Massachusetts, A Sign Of The Future!

Massachusetts, wanting to provide emergency contraception drugs to the victims of sexual assault, pushed through a law that requires Catholic hospitals to administer drugs even if they might act to cause an abortion.

Clearly that’s bad law and bad medicine. And it sets a dangerous precedent because it allows the government to directly interfere in the doctor-patient relationship. In effect, it dictates the exact medical procedure that doctors must follow in every case, no matter what their professional judgment might be. It requires doctors and nurses to be the enforcers of state abortion ideology.

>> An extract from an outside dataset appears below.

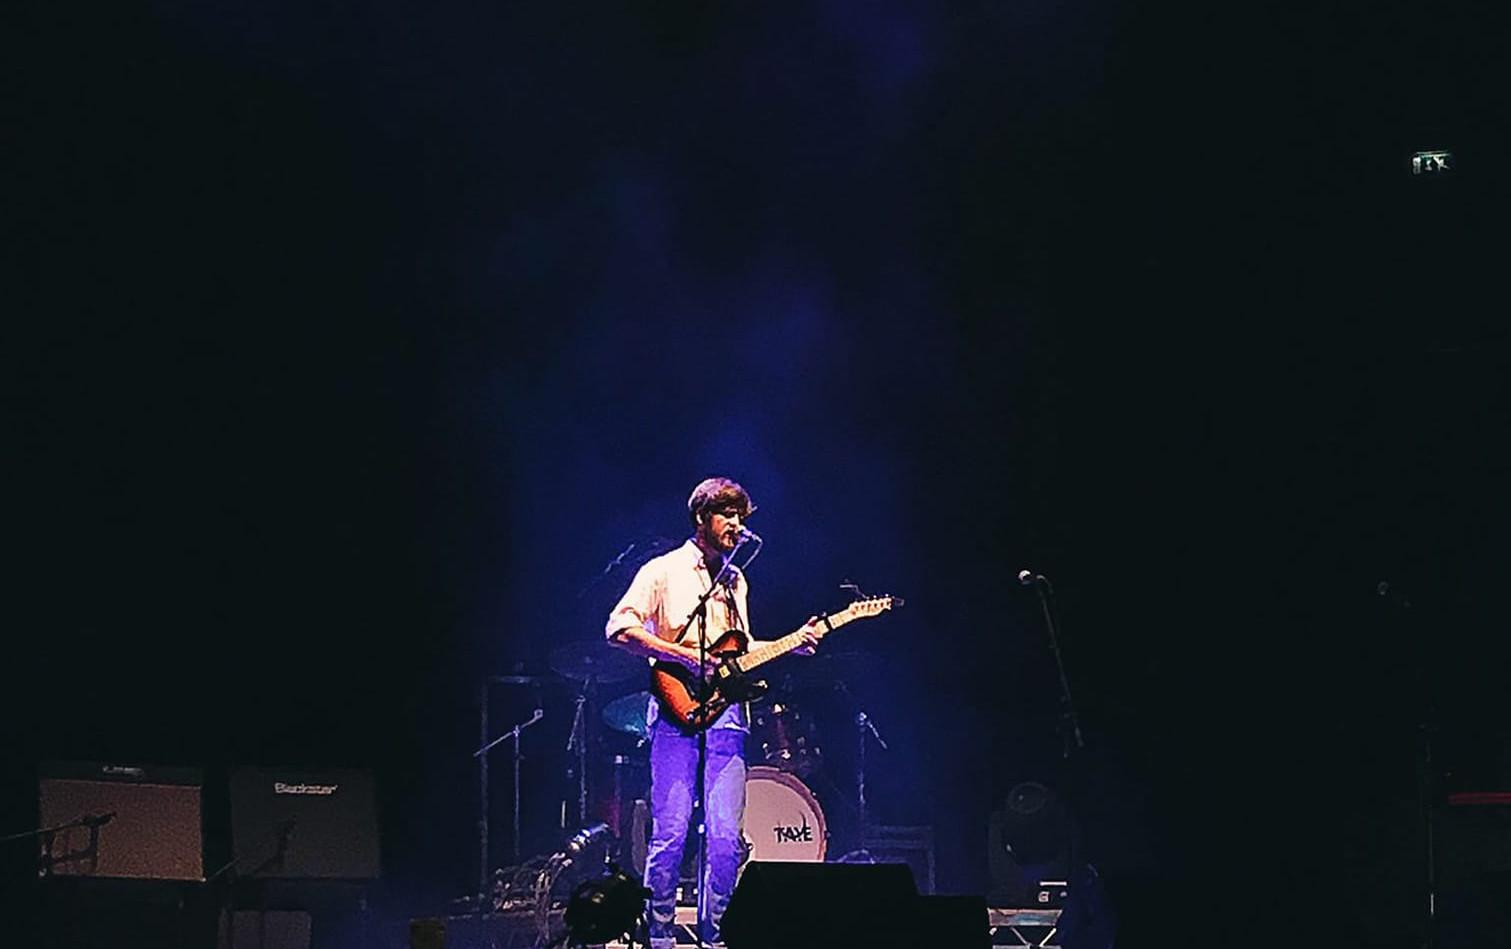 Playing solo @ Colston Hall, Bristol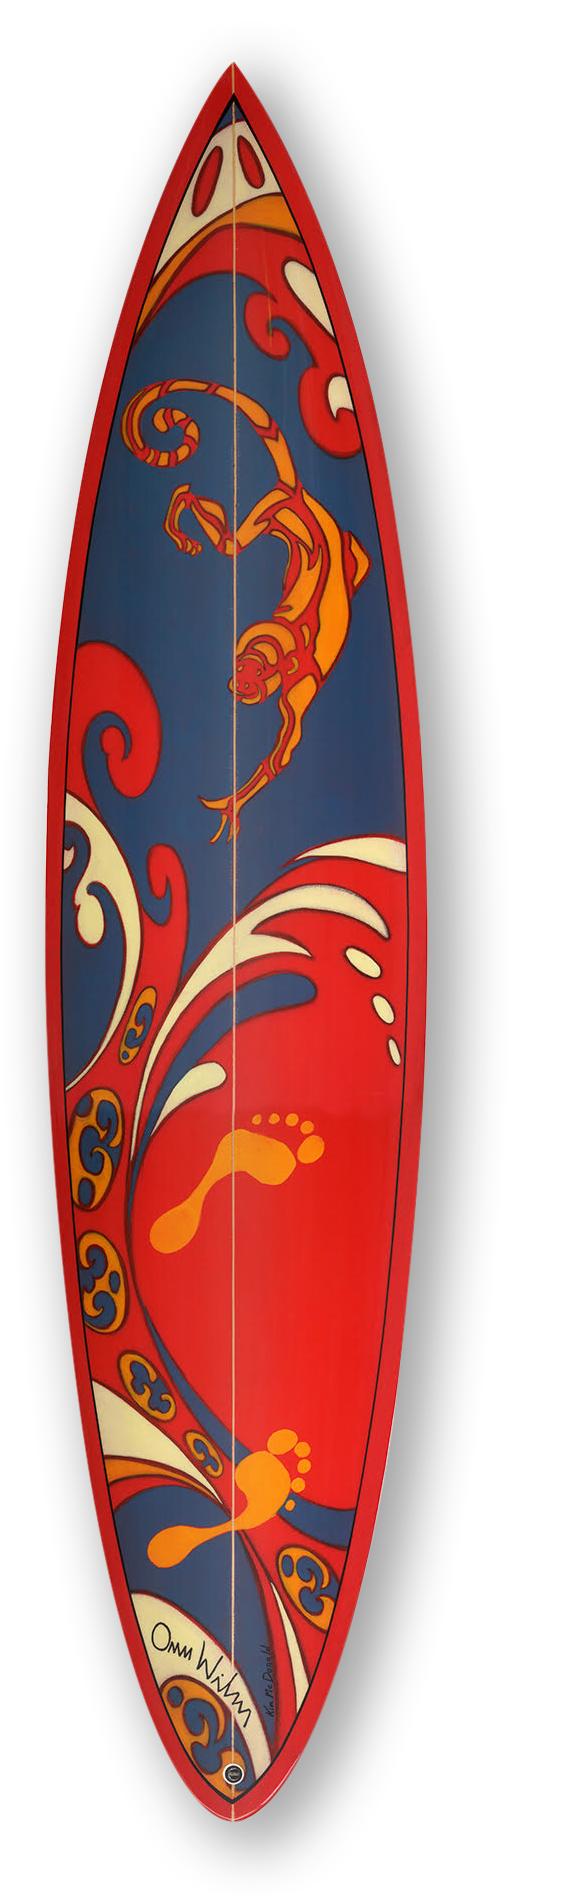 """Monkey Business"" | Size 7'2"" Surfboard | Hand shaped by David Gott"

We now often see in the actions of our public authorities the opposite of what the American Founders intended for our country. The Founders worked hard to create the structures of a limited government subordinate to civil society. Civil society is much larger and much more alive than the state. And to stay that way, it depends for its survival on the autonomy and free cooperation of its parts – families, communities, churches, synagogues, and fraternal and charitable associations. All of these entities have rights completely independent of government. Rights that precede the state.

Now how does all this relate to the very practical topic of our time together today: health-care reform and the future of the Catholic health-care ministry?

I’ll answer with a few simple facts.

  1. While access to decent health care may not seem like a “right” to some people in the same sense as our rights to life, liberty and the pursuit of happiness – reasonable people might reasonably disagree about that — the Church does see it as a right.
  2. A government role in ensuring basic health care for all citizens and immigrants can be very legitimate and even required. But that doesn’t justify excluding government from helping to solve chronic problems when no other solutions work.
  3. The principle of subsidiarity reminds us that problems should be solved as locally as possible.
  4. No national health-care plan can be morally legitimate if it allows, even indirectly, for the killing of the unborn, or discriminatory policies and pressures against the elderly, the infirm and the disabled. Protecting the unborn child and serving the poor are not unrelated issues. They flow from exactly the same Christian duty to work for social justice.
  5. The health-care reform proposals with any hope of advancing now in Washington all remain fatally flawed on the abortion issue, conscience protections and the inclusion of immigrants.

So what do you need to do as Catholic health-care professionals in the face of these challenges?

Have courage.  Trust in God.  Speak up and defend your Catholic faith with your medical colleagues.  Commit yourself to good and moral medicine.  Get involved and fight hard for the conscience rights of your fellow Catholics and their institutions.  Remember the Hippocratic Oath.  Dedicate yourselves again to being truly Christian and deeply Catholic health-care professionals.

You and I and all of us – we’re disciples first. That’s why you gave your heart and all your talent to this extraordinary vocation in the first place. Remember that as you go home today. Use up your lives for the glory of God and the dignity of your patients. You walk in the footsteps of the Healer of humanity and Redeemer of history.  In healing the sick, proclaim his Kingdom with the witness of your lives.